In the first 4, it is found that the total energy is greater than 90%, so r=4

>>> sum (Sig2[:3]) 500.50028912757909

The key to SVD decomposition is to reduce the user dimension from N to 4

def svdest (Datamat, user, Simmeas, item):    n = shape (Datamat) [1]    simtotal = 0.0; ratsimtotal = 0.0    U,SIGMA,VT = LA.SVD (datamat)    Sig4 = Mat (Eye (4) *sigma[:4]) #arrange Sig4 into a diagonal matrix    xformeditems = datamat.t * u[:, : 4] * sig4.i  #create transformed items for    j in Range (n):        userrating = datamat[user,j]        if userrating = = 0 or j==item:continue        similarity = Simmeas (Xformeditems[item,:). T,                             xformeditems[j,:]. T)        print ' The%d and%d similarity is:%f '% (item, J, similarity)        simtotal + = similarity        Ratsimtotal + = si Milarity * userrating    if simtotal = = 0:return 0    else:return ratsimtotal/simtotal
One of the key steps, DATAMAT.T * u[:,:4] * sig4.i

Convert the Datamat of MXN to the matrix of the nx4 item and user class by using the eigenvalue scale

>>> Mymat=mat (Svdrec.loadexdata2 ()) >>> Mymatmatrix ([[0, 0, 0, 0, 0, 4, 0, 0, 0, 0, 5], [0, 0, 0,  3, 0, 4, 0, 0, 0, 0, 3], [0, 0, 0, 0, 4, 0, 0, 1, 0, 4, 0], [3, 3, 4, 0, 0, 0, 0, 2, 2, 0, 0], [5, 4, 5, 0, 0, 0, 0, 5, 5, 0, 0], [0, 0, 0, 0, 5, 0, 1, 0, 0, 5, 0], [4, 3, 4, 0, 0, 0, 0, 5, 5, 0, 1], [0        , 0, 0, 4, 0, 4, 0, 0, 0, 0, 4], [0, 0, 0, 2, 0, 2, 5, 0, 0, 1, 2], [0, 0, 0, 0, 5, 0, 0, 0, 0, 4, 0], [1, 0, 0, 0, 0, 0, 0, 1, 2, 0, 0]]) >>> Svdrec.recommend (Mymat,1,estmethod=svdrec.svdest) the 0 and 3 similarity is:0.490950the 0 and 5 similarity is : 0.484274the 0 and Similarity is:0.512755the 1 and 3 similarity is:0.491294the 1 and 5 similarity is:0.481516the 1 and similarity Is:0.509709the 2 and 3 similarity is:0.491573the 2 and 5 similarity is:0.482346the 2 and Similarit Y is:0.510584the 4 and 3 similarity is:0.450495the 4 and 5 similarity is:0.506795the 4 and similarity IS:0.512896the 6 and 3 similarity is:0.743699the 6 and 5 similarity is:0.468366the 6 and similarity is:0.439465the 7 and 3 similarity is:0.482175the 7 and 5 similarity is:0.494716the 7 and ten similarity Is:0.524970the 8 and 3 Similarit Y is:0.491307the 8 and 5 similarity is:0.491228the 8 and similarity is:0.520290the 9 and 3 similarity is:0.522379th E 9 and 5 similarity is:0.496130the 9 and Similarity is:0.493617[(4, 3.3447149384692283), (7, 3.3294020724526967), (9 , 3.328100876390069)]

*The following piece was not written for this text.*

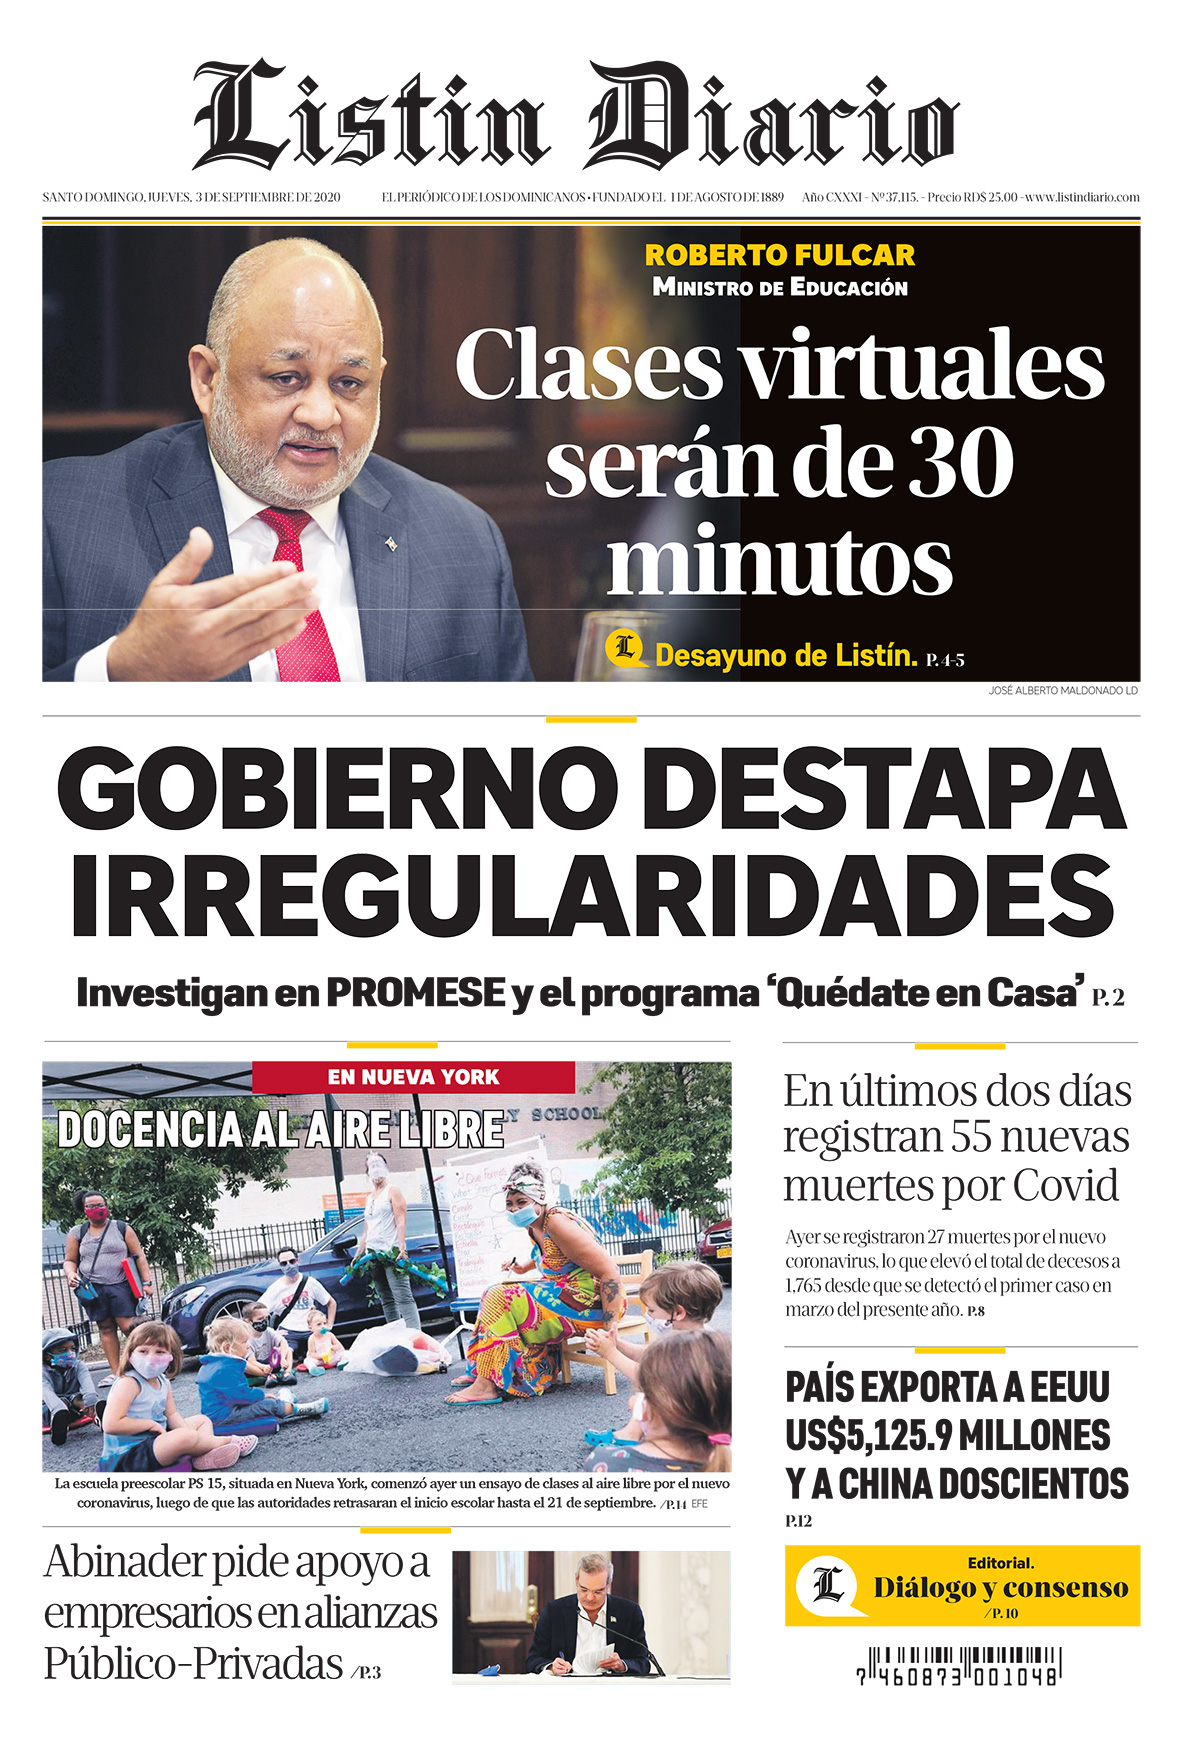 Portada Periódico Listín Diario, Jueves 03 de Septiembre, 2020
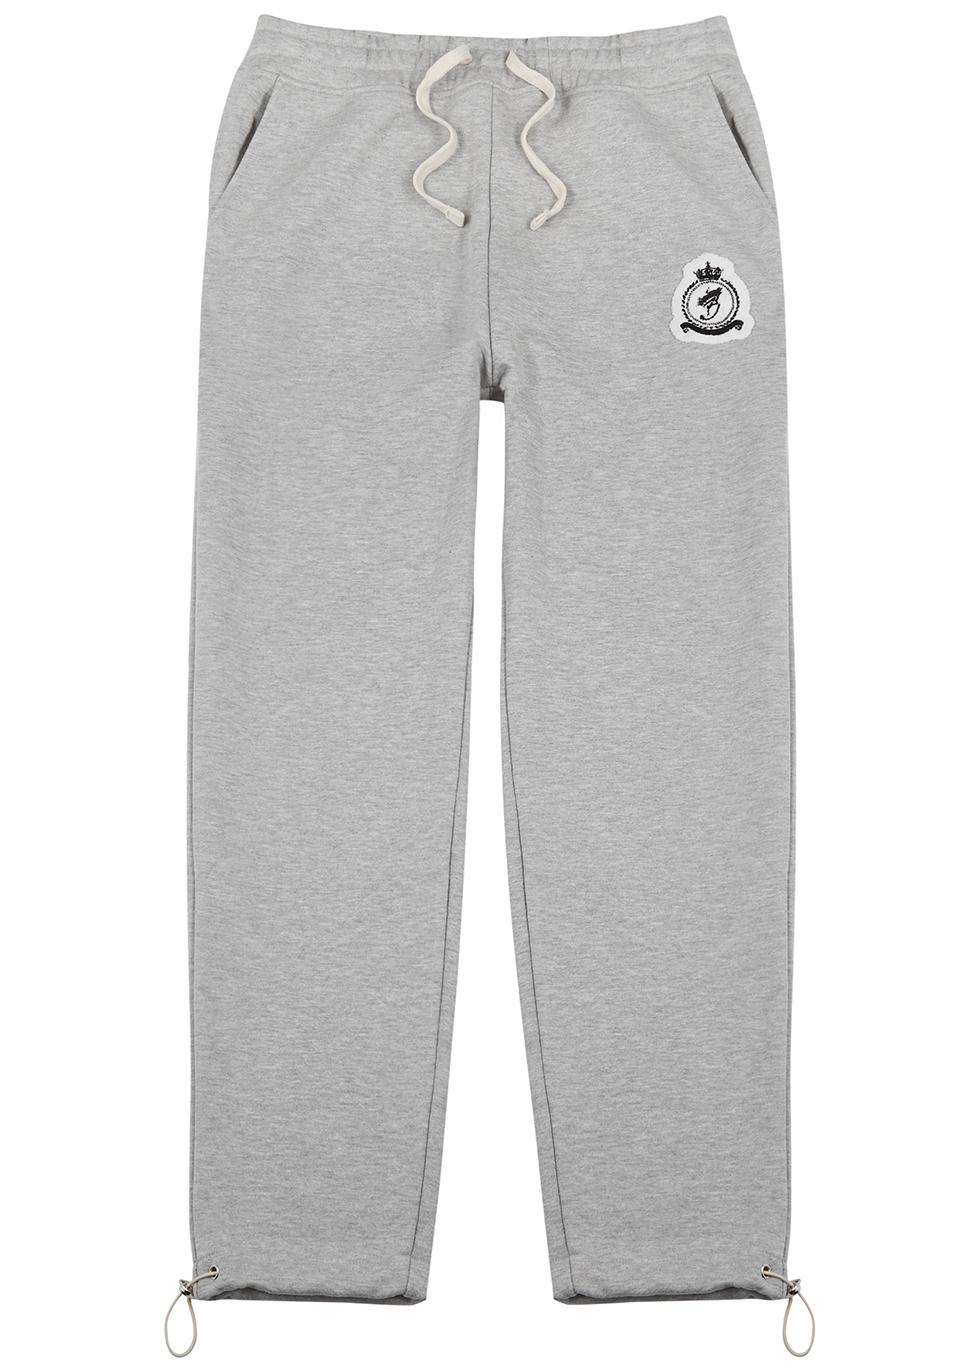 Grey logo cotton-blend sweatpants by BENJART

"Machine Learning in action" notes-simplifying data with SVD

Contact Us

The content source of this page is from Internet, which doesn't represent Alibaba Cloud's opinion; products and services mentioned on that page don't have any relationship with Alibaba Cloud. If the content of the page makes you feel confusing, please write us an email, we will handle the problem within 5 days after receiving your email.

If you find any instances of plagiarism from the community, please send an email to: info-contact@alibabacloud.com and provide relevant evidence. A staff member will contact you within 5 working days.

A Free Trial That Lets You Build Big!

Start building with 50+ products and up to 12 months usage for Elastic Compute Service

  • Sales Support

    1 on 1 presale consultation

  • After-Sales Support

    24/7 Technical Support 6 Free Tickets per Quarter Faster Response

  • Alibaba Cloud offers highly flexible support services tailored to meet your exact needs.